## Work instructions:
Find the line below with "Vintage Levi's Green Denim Shorts - W30" and the line with "Etobicoke, Ontario Wiggles Adult Video". Output exactly those lines and everything between them, leaving out the pictures.

┌─ Given data

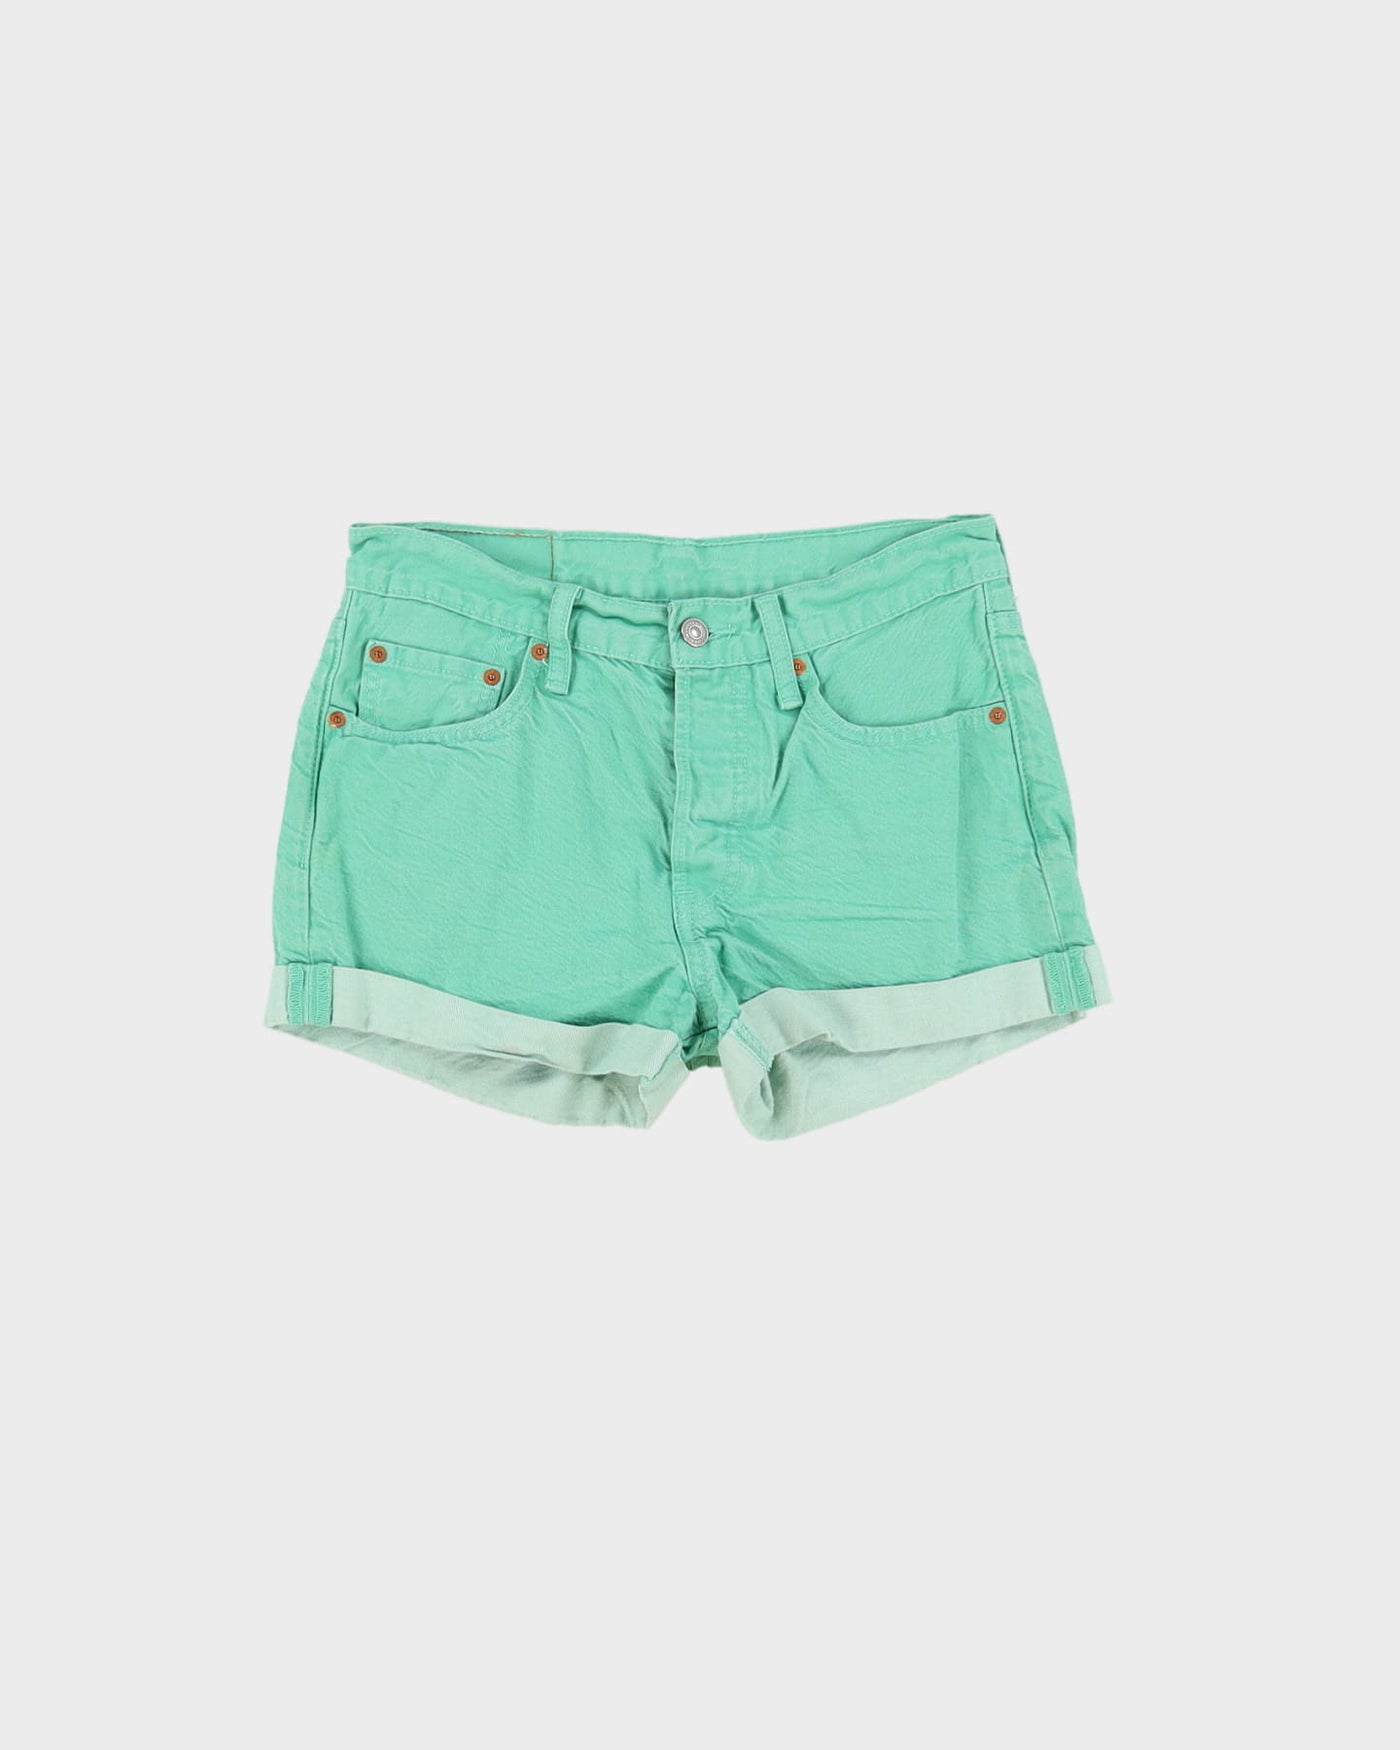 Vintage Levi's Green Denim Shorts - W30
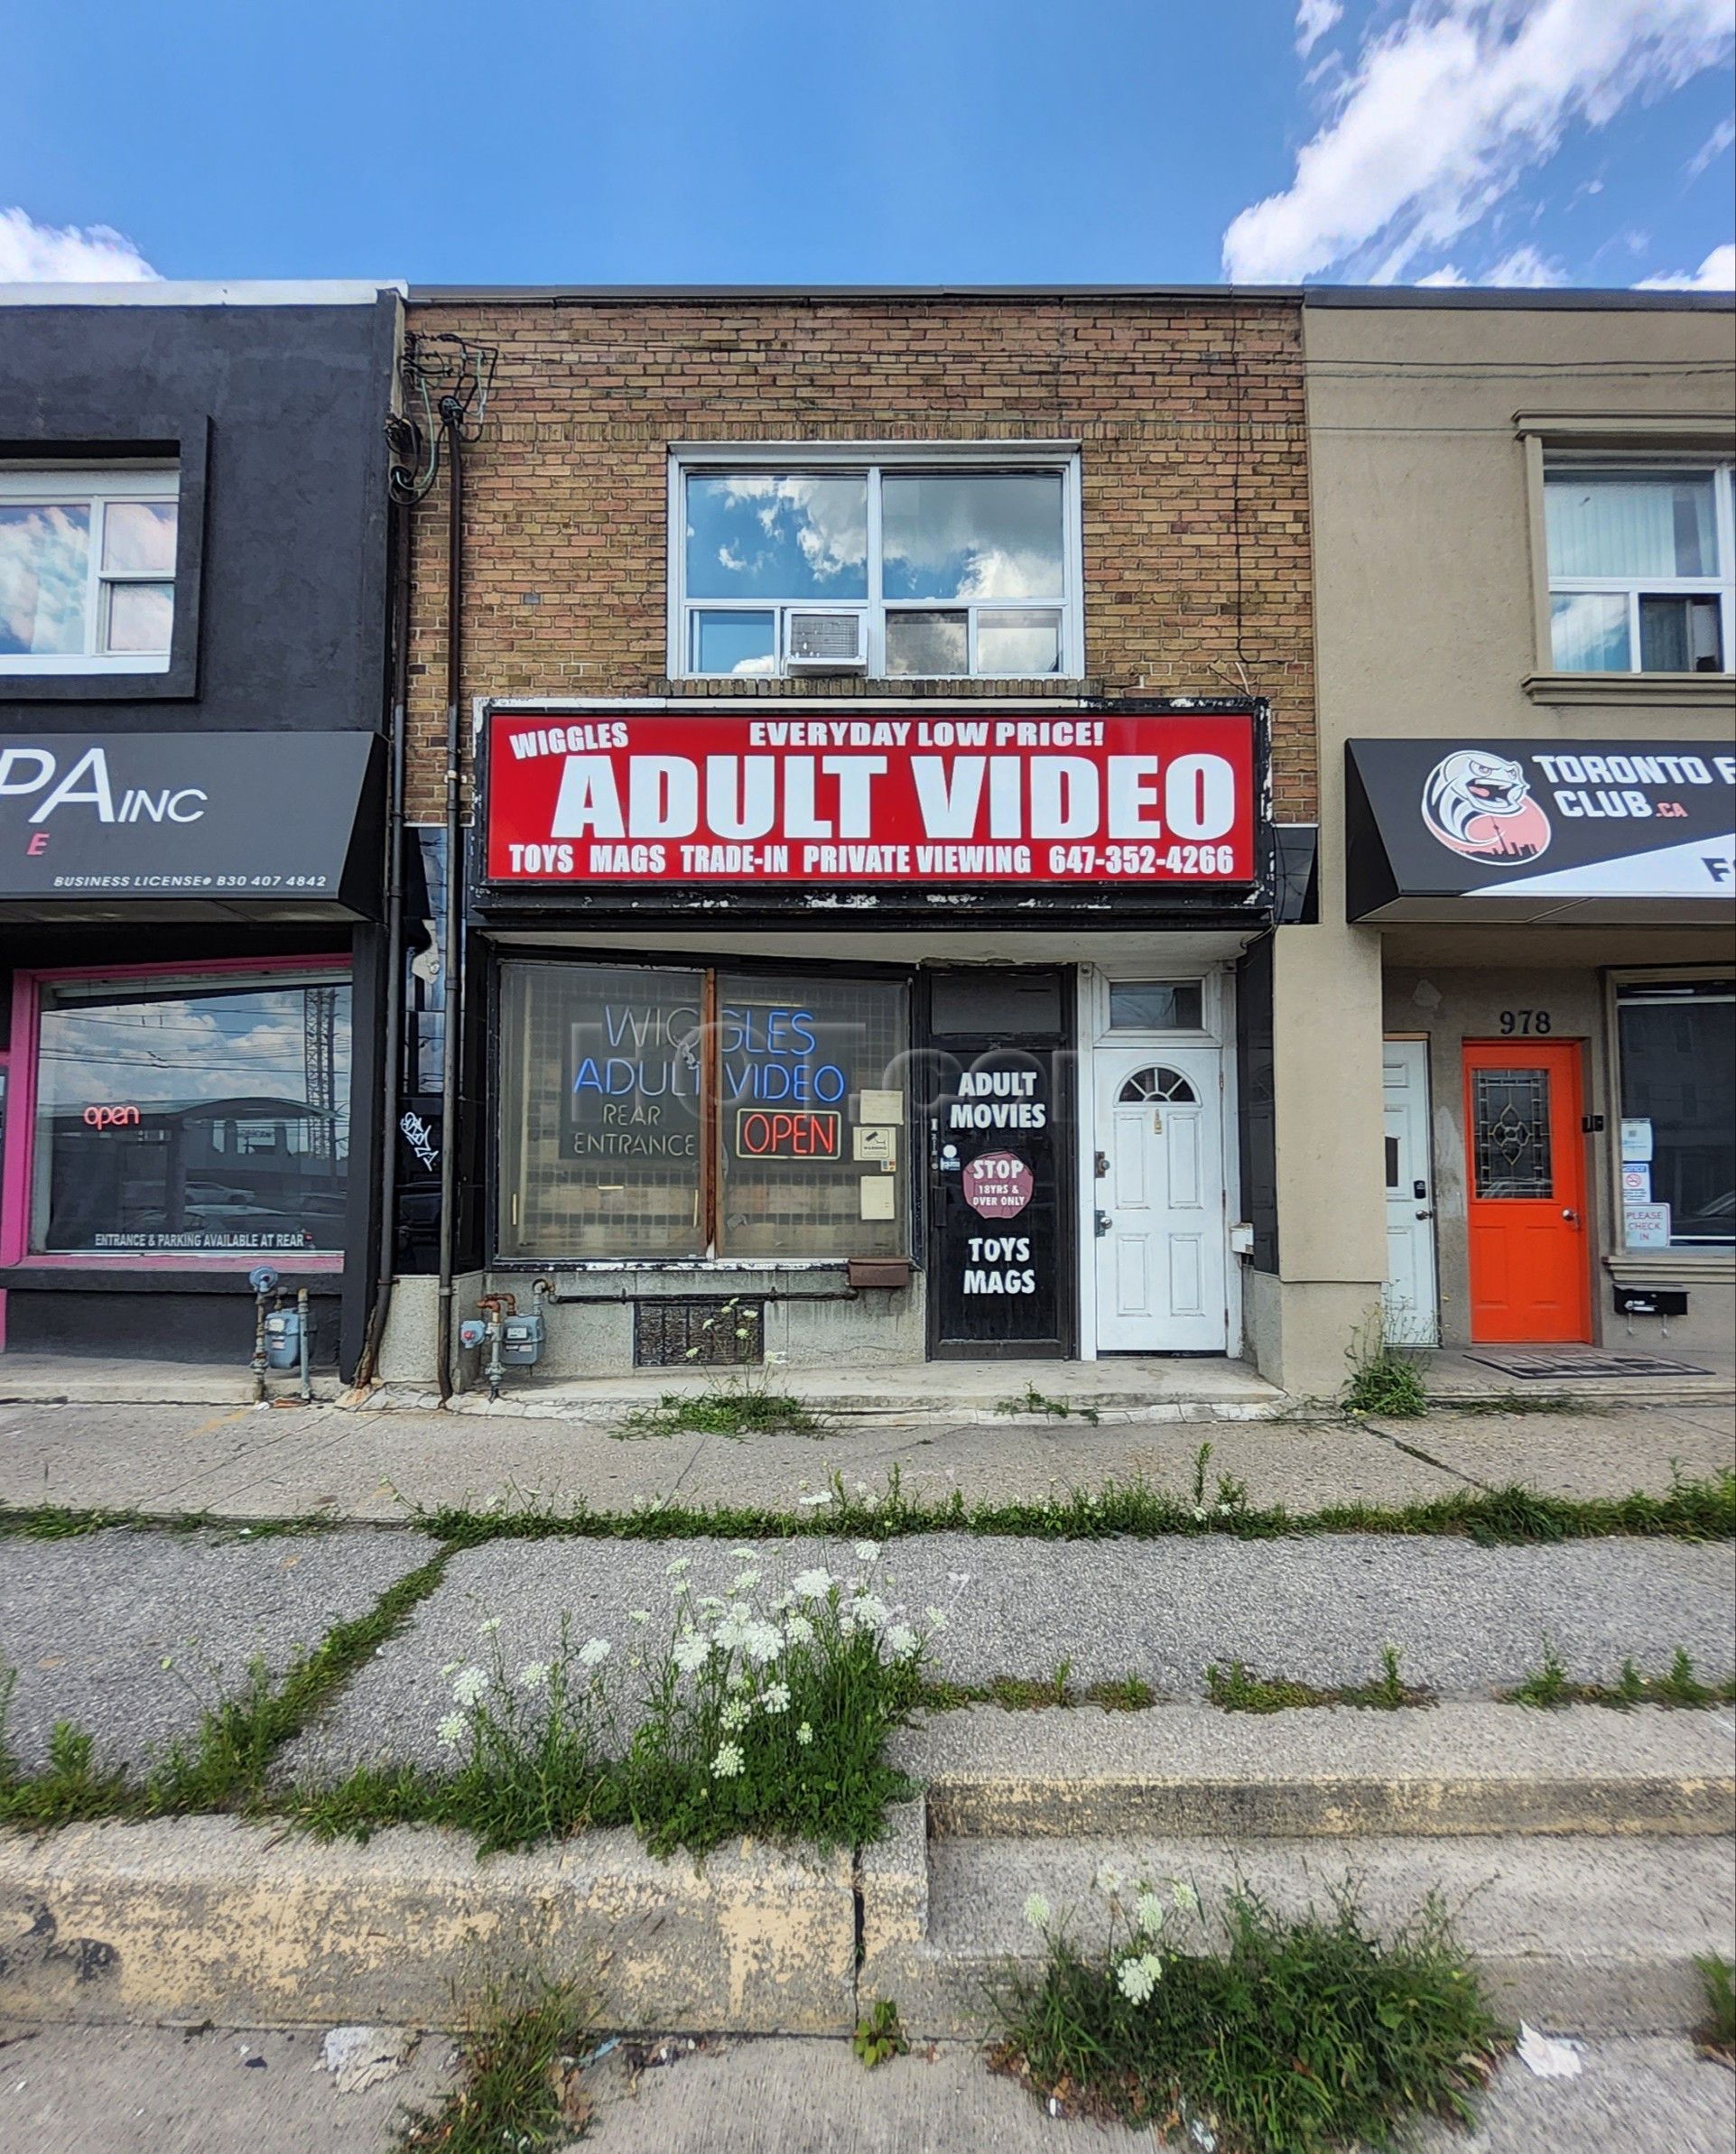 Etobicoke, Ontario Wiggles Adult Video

└─
┌─ Given data

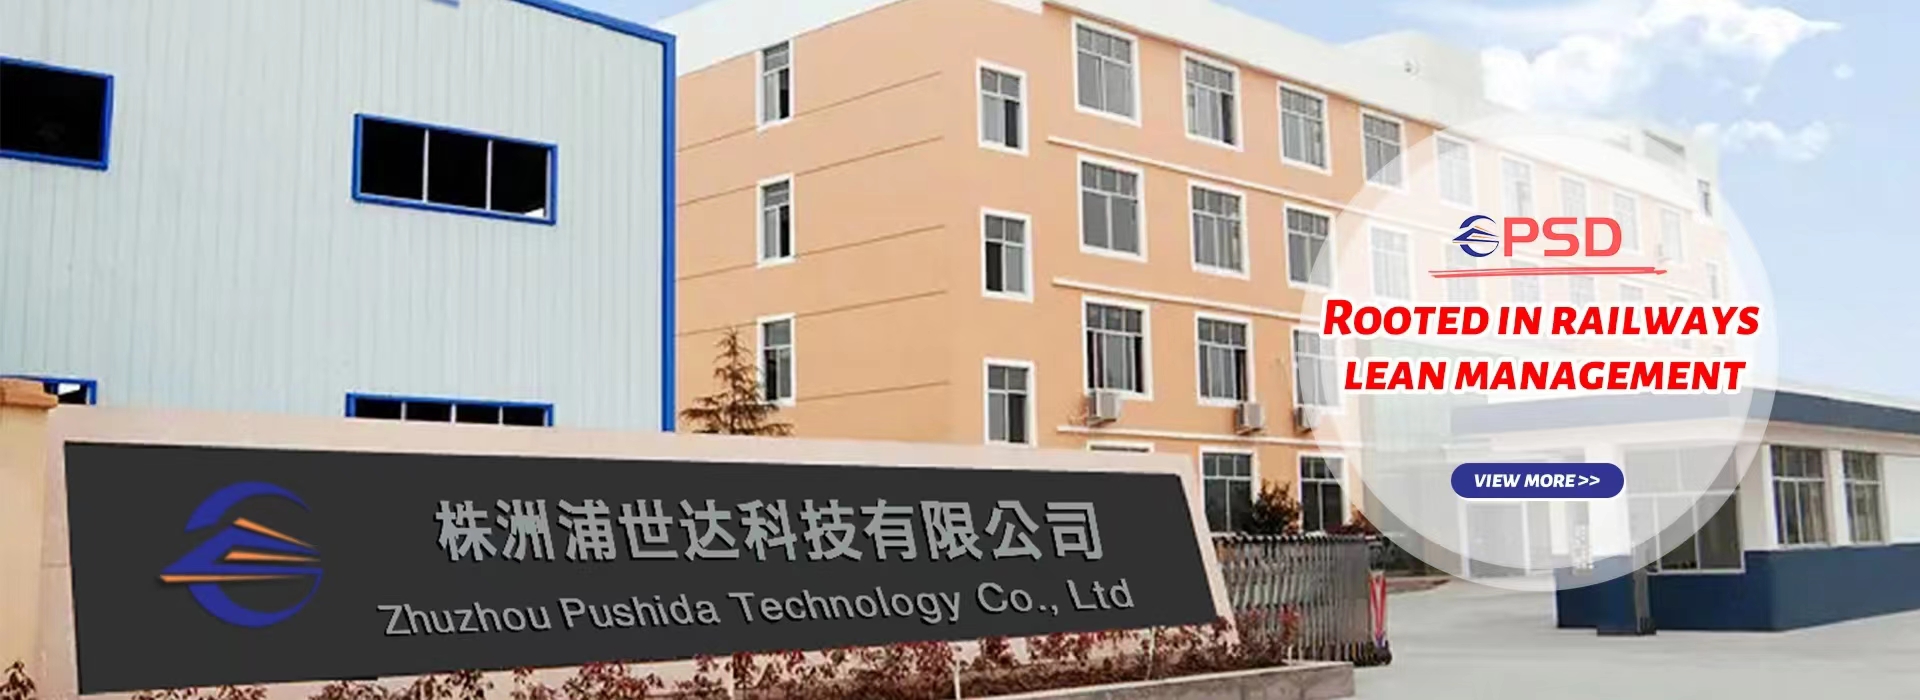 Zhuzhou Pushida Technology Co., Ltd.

└─

## Solution for this exercise:
 Vintage Levi's Green Denim Shorts - W30
 Etobicoke, Ontario Wiggles Adult Video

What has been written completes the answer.